PROVIDED MATERIAL:
-- Opening Marker --

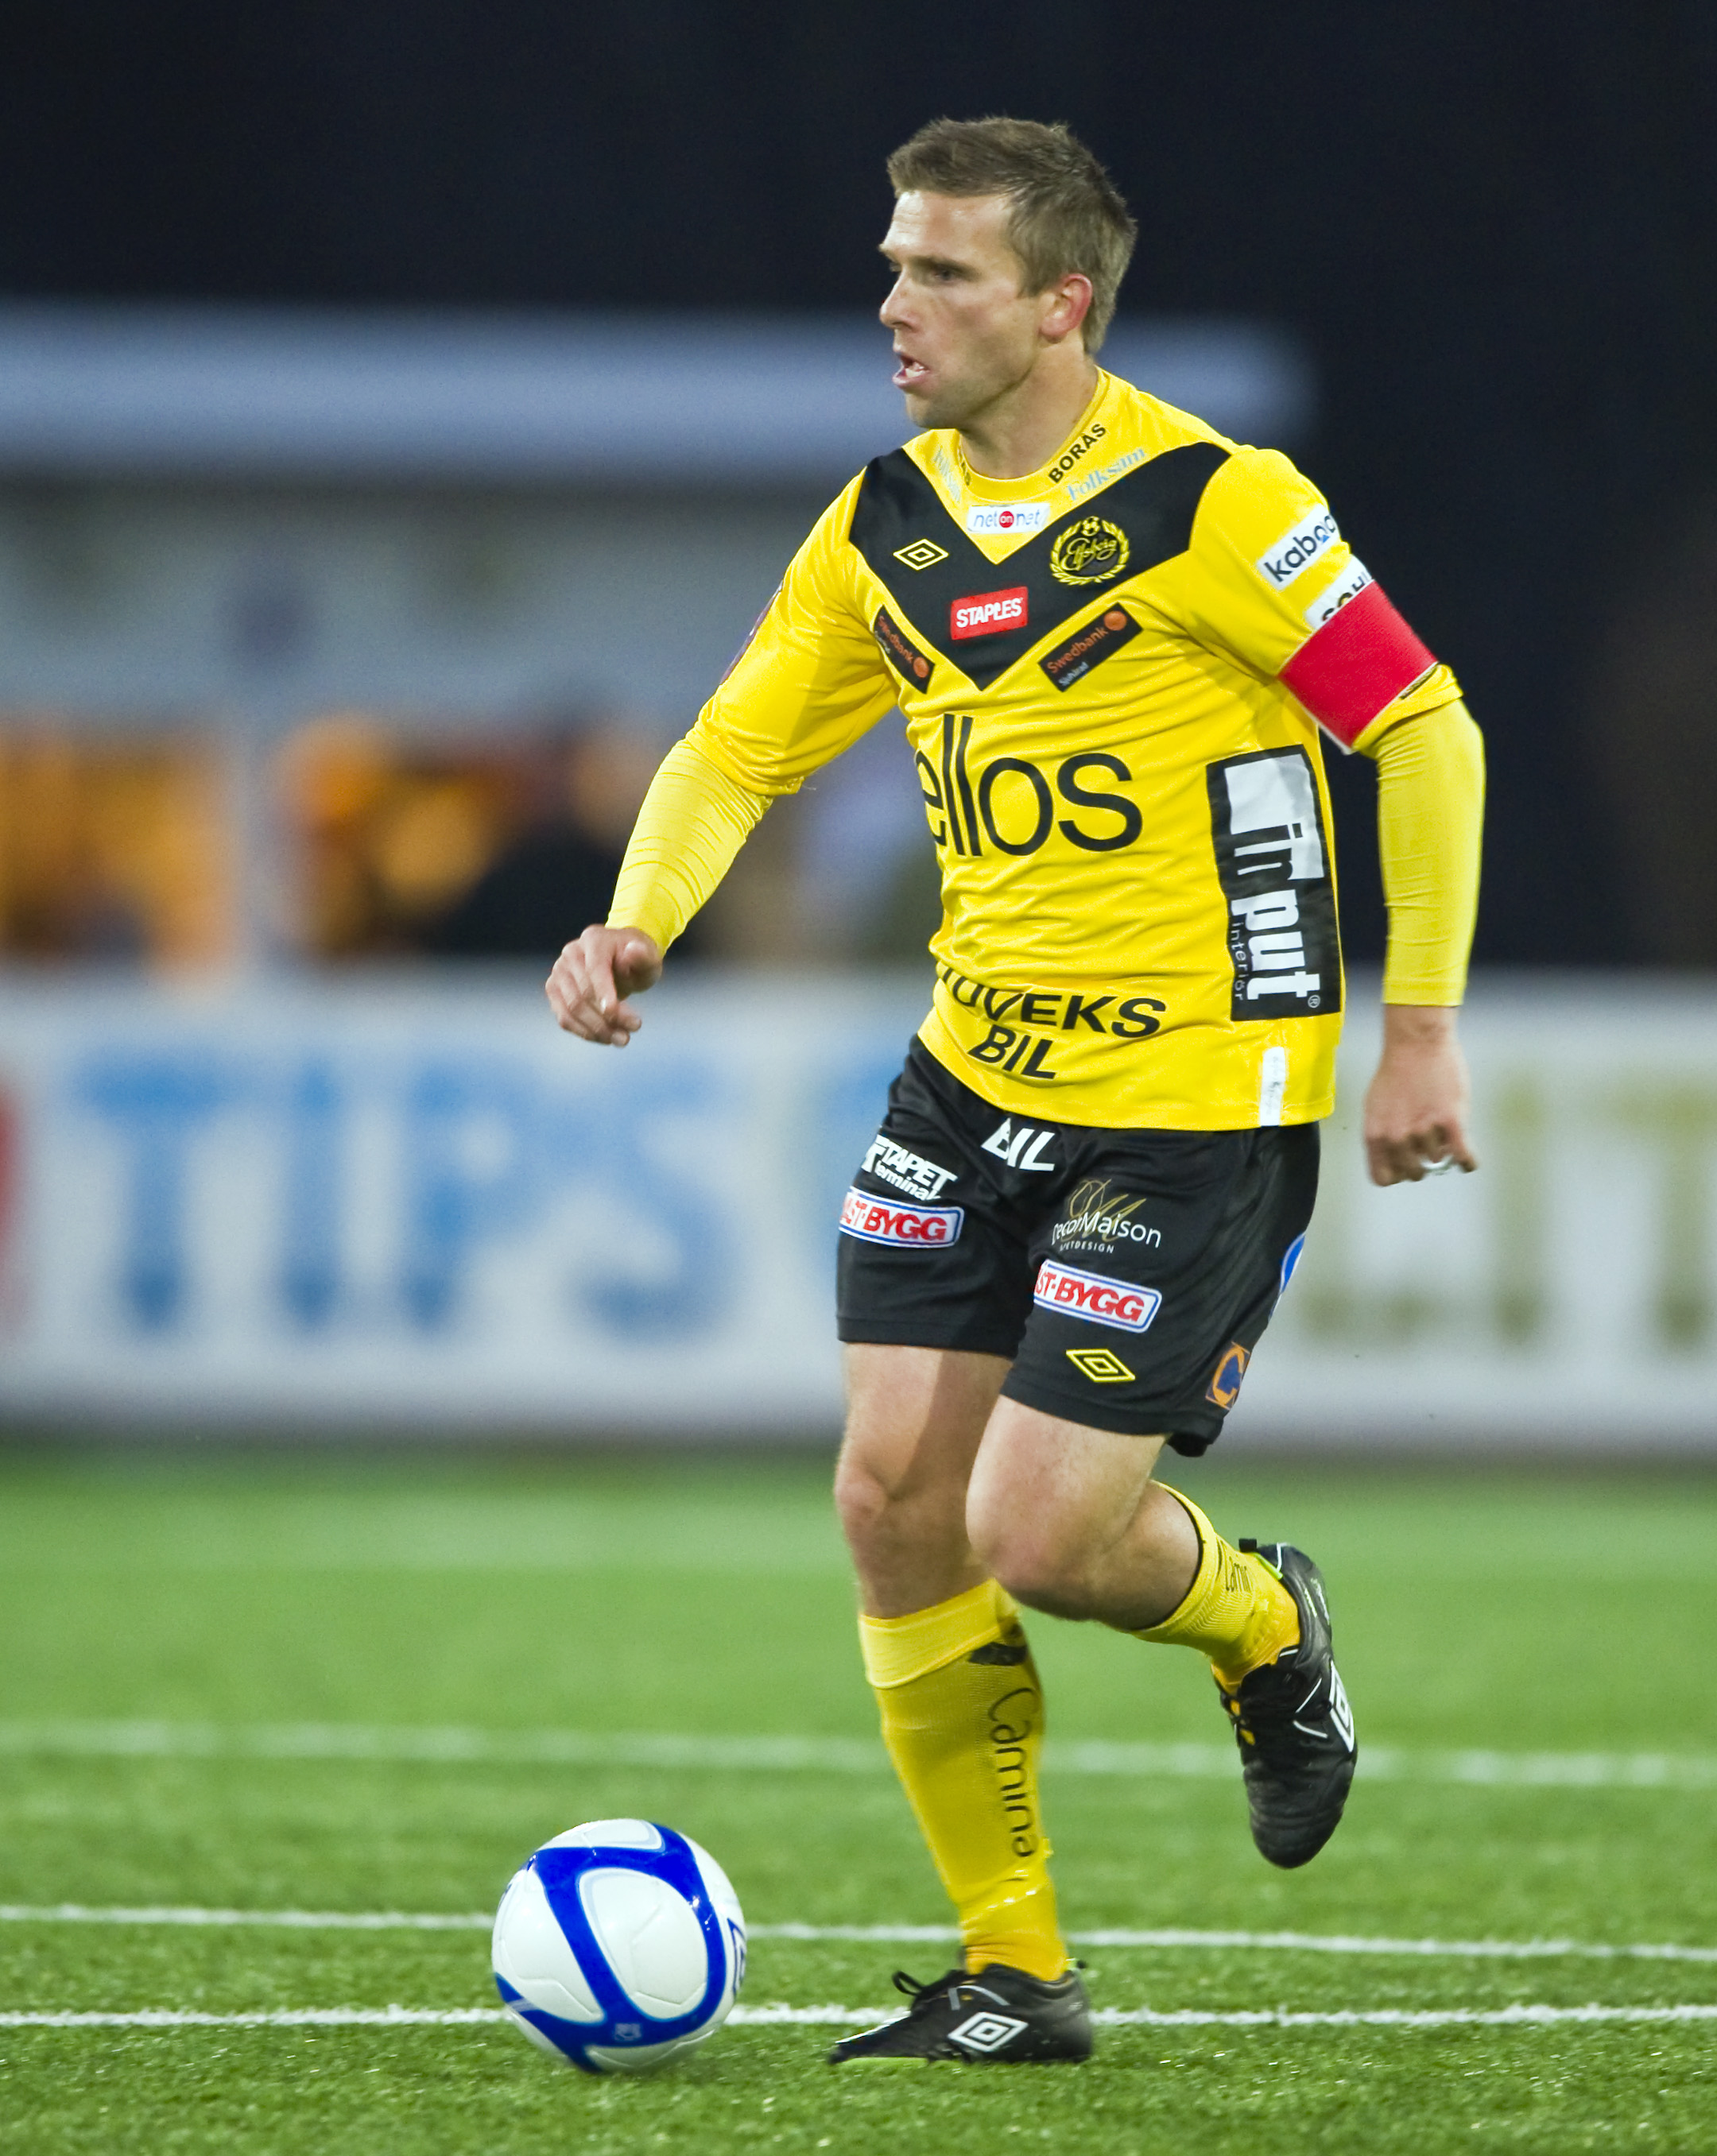 "Du kan sätta Anders Svensson i Gefle  så får du se och se hur dominant han är då".
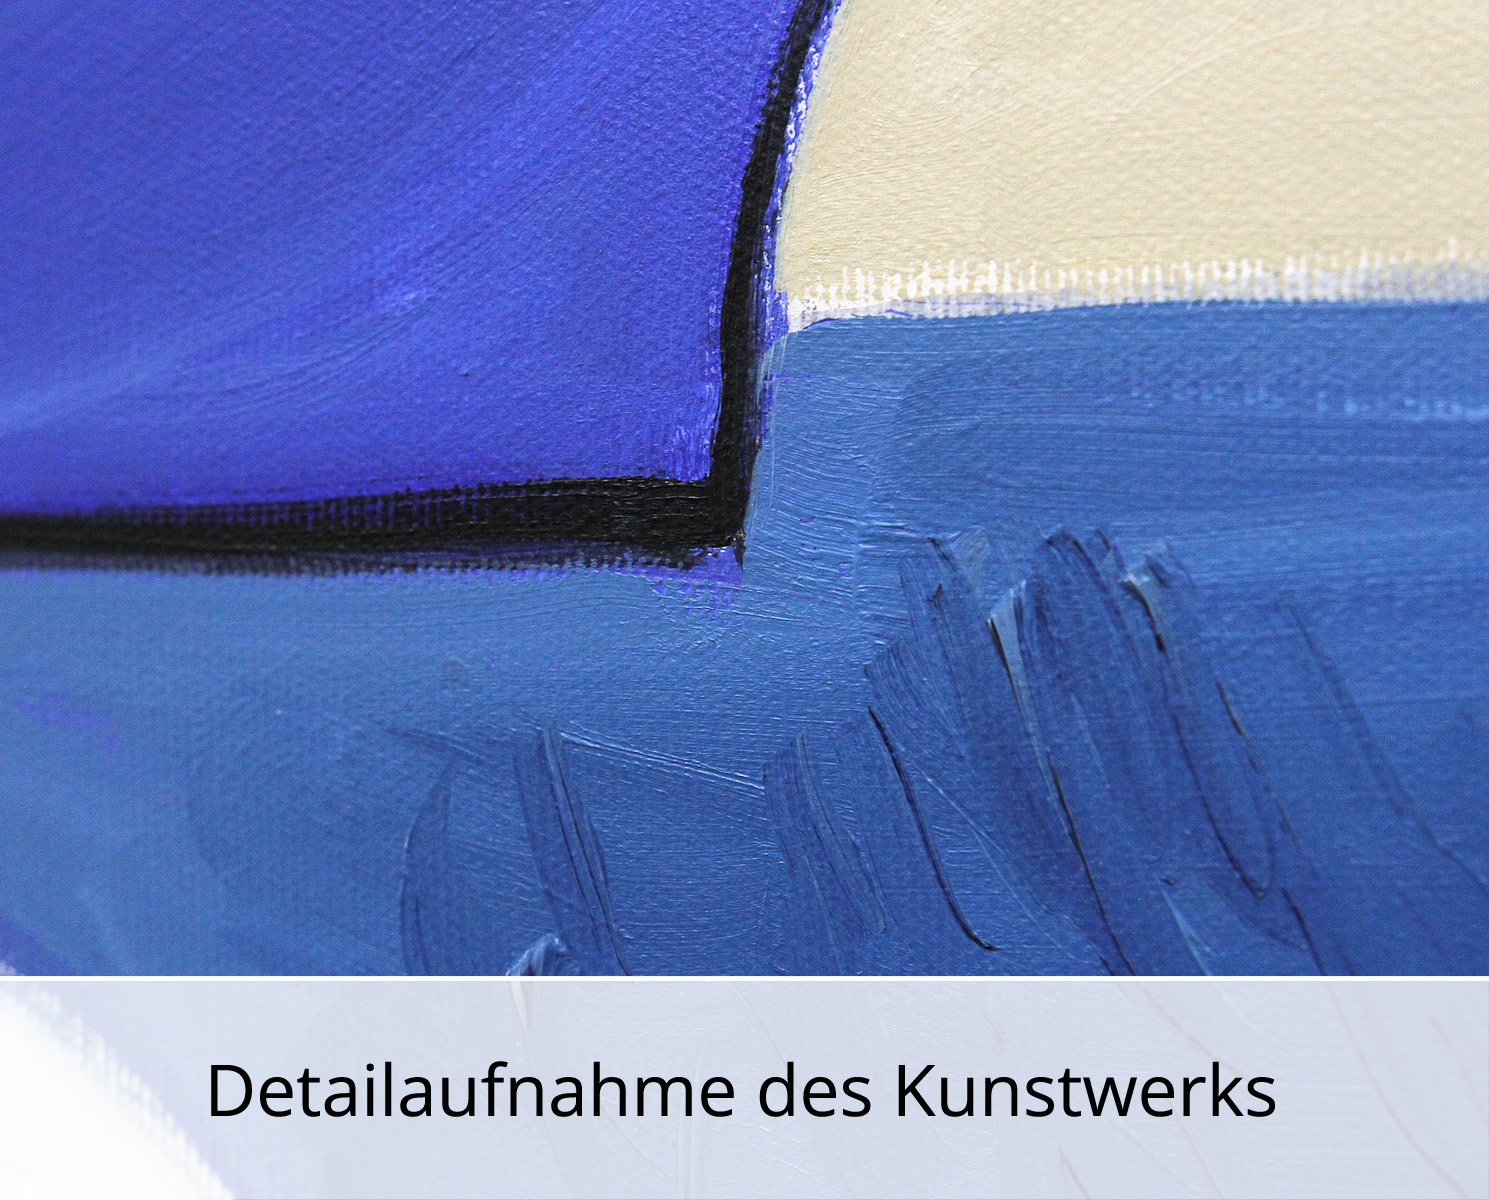 M. Cieśla: "See in abstrakten Formen", Original/Unikat, expressionistisches Gemälde
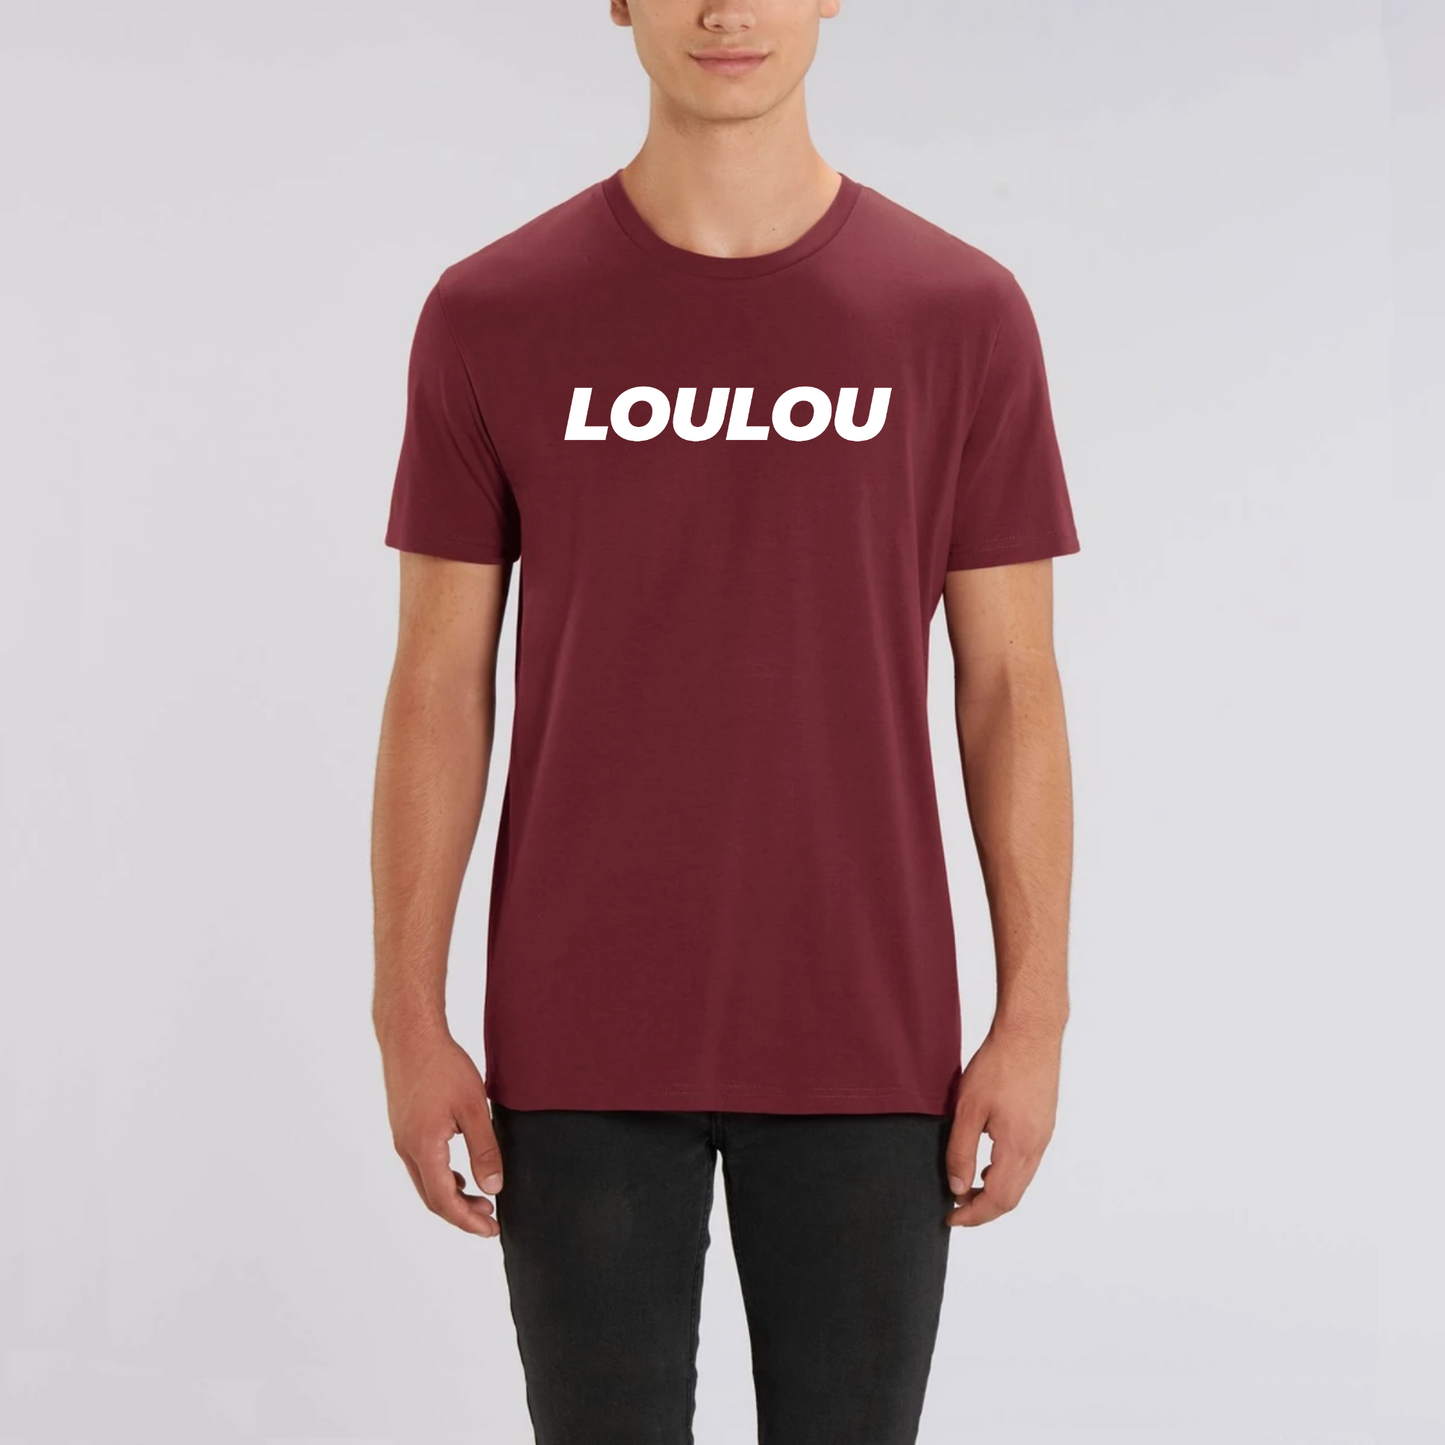 t-shirt loulou, T-French, t-shirt homme, coton bio, t-shirt saint valentin, t-shirt surnom, t-shirt humour, Bordeaux

-- Closing Marker --

WORK INSTRUCTIONS: Output the complete listing exactly as it appears, except for the images.

RESULT:
 "Du kan sätta Anders Svensson i Gefle  så får du se och se hur dominant han är då".
 M. Cieśla: "See in abstrakten Formen", Original/Unikat, expressionistisches Gemälde
 t-shirt loulou, T-French, t-shirt homme, coton bio, t-shirt saint valentin, t-shirt surnom, t-shirt humour, Bordeaux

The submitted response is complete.